As Nico Baken often says “Mobile bits are desperately seeking the nearest fixed line”.
In Barcelona (Mobile World Congres) is has become clear that this truth cannot be ignored anymore, as people are fully exploiting the joys of mobile data connectivity through devices like the Iphone, Android phones and the soon to be added WM7 phones.
“Offloading” data traffic to the nearest fixed line with Internet access is the hot subject. As the amount of traffic currently generated by mobile users is just a drop in the bucket of fixed line data it makes a lot of sense.

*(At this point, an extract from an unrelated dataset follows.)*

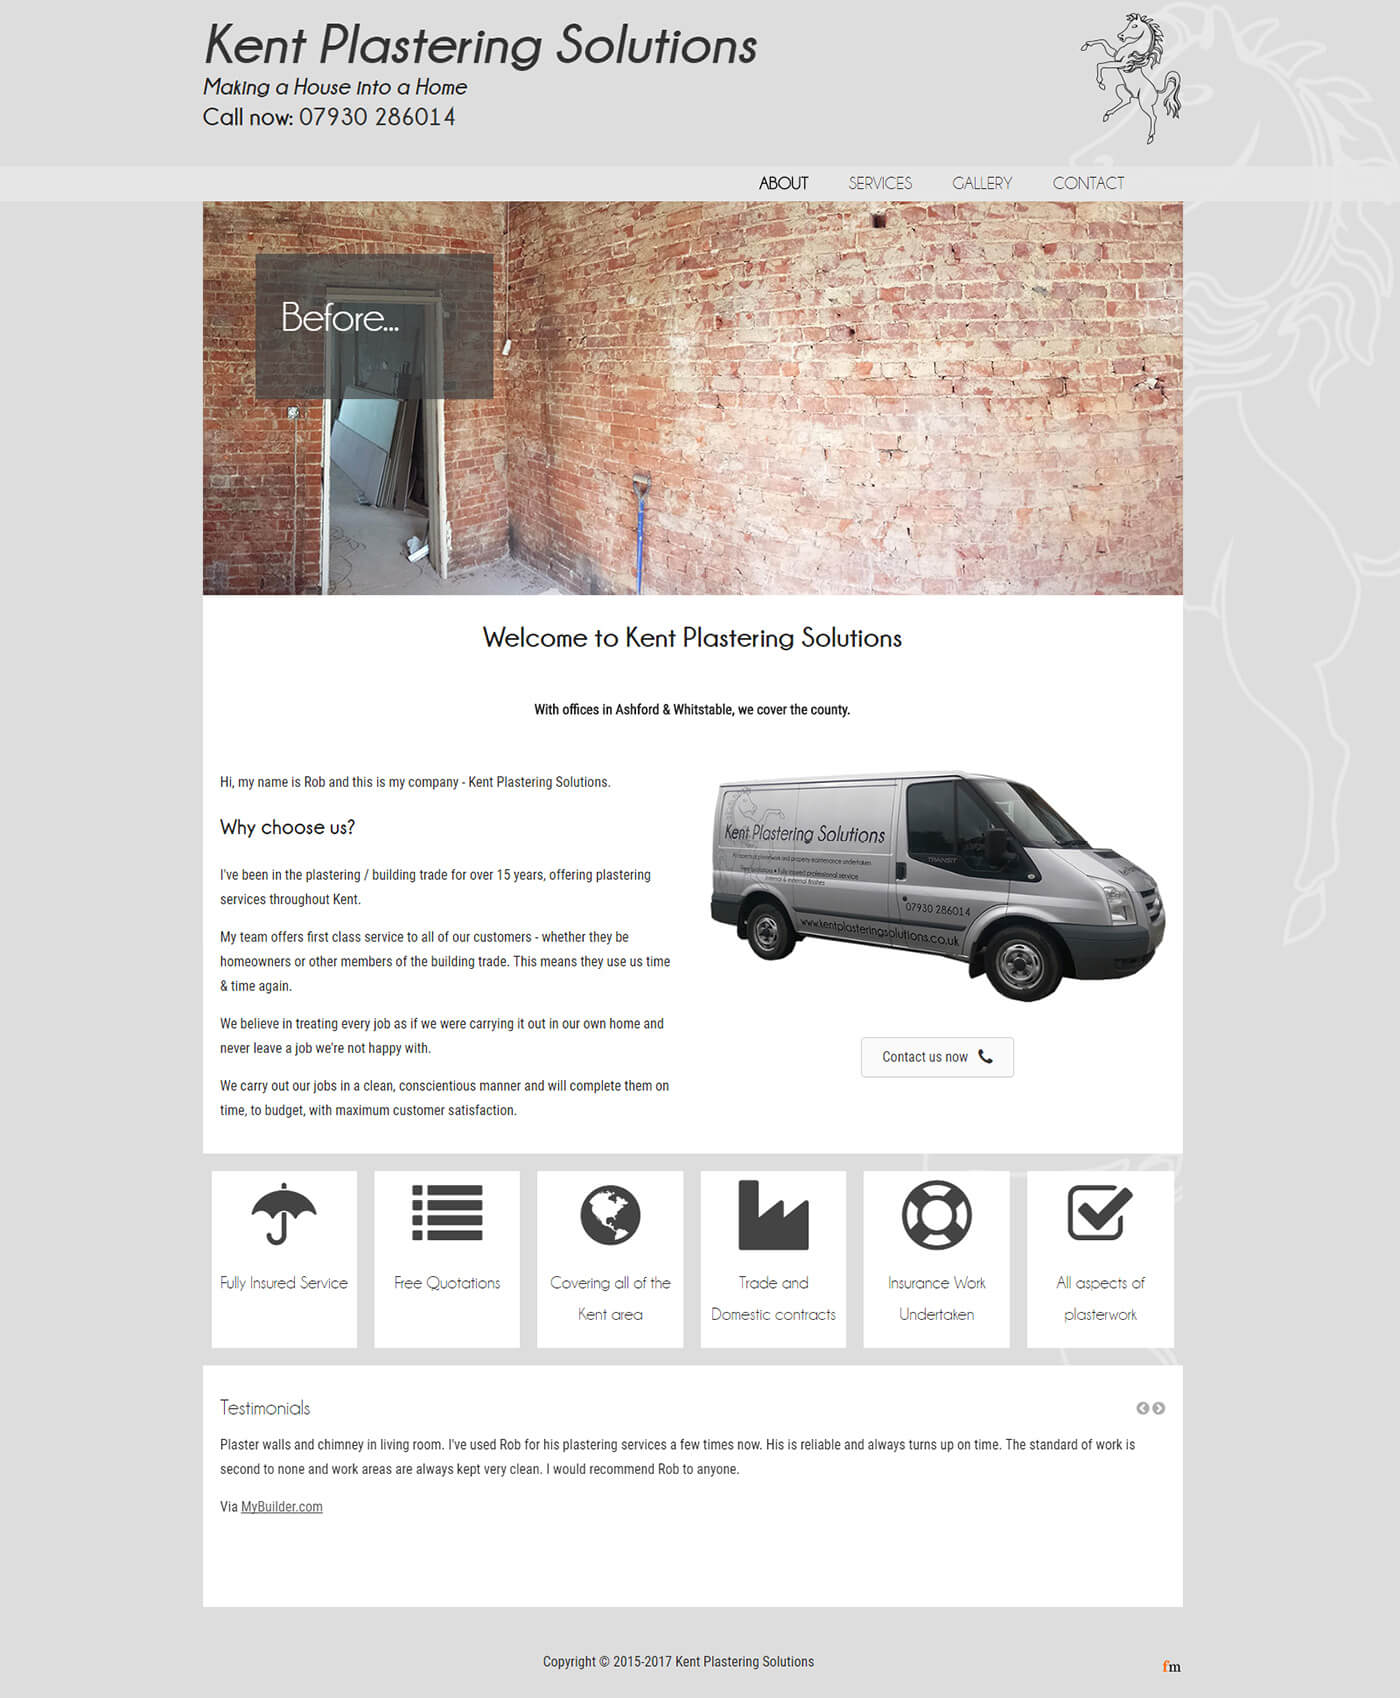 kent-plastering-solutions

As one of my friends says :
The “newly” discovered interest in offload just reinforces the point that we’ve all known: with the exception of mobile satellites, “mobile” networks aren’t mobile at all.People and devices are mobile (or at least untethered) but the networks are fixed and the sooner the traffic is dumped into the fixed network, the better for optimizing use of the radio access links.The reason femto-cells (GSM/HSDPA access point inside a building) interests carriers is that the radio traffic never even leaves the building before it goes into a fixed network. Same with in building WiFi, etc.In addition to facing overload of the radio links, they also are having to deal with inadequately provisioned base stations. If you have multiple users each using multi-MB off the same antenna/base station, a DS3 (let alone T-1s) to the tower won’t cut it. In order to make the entire system scale, they’re having to deploy fiber to the base station.
(Thanks Robert Pepper).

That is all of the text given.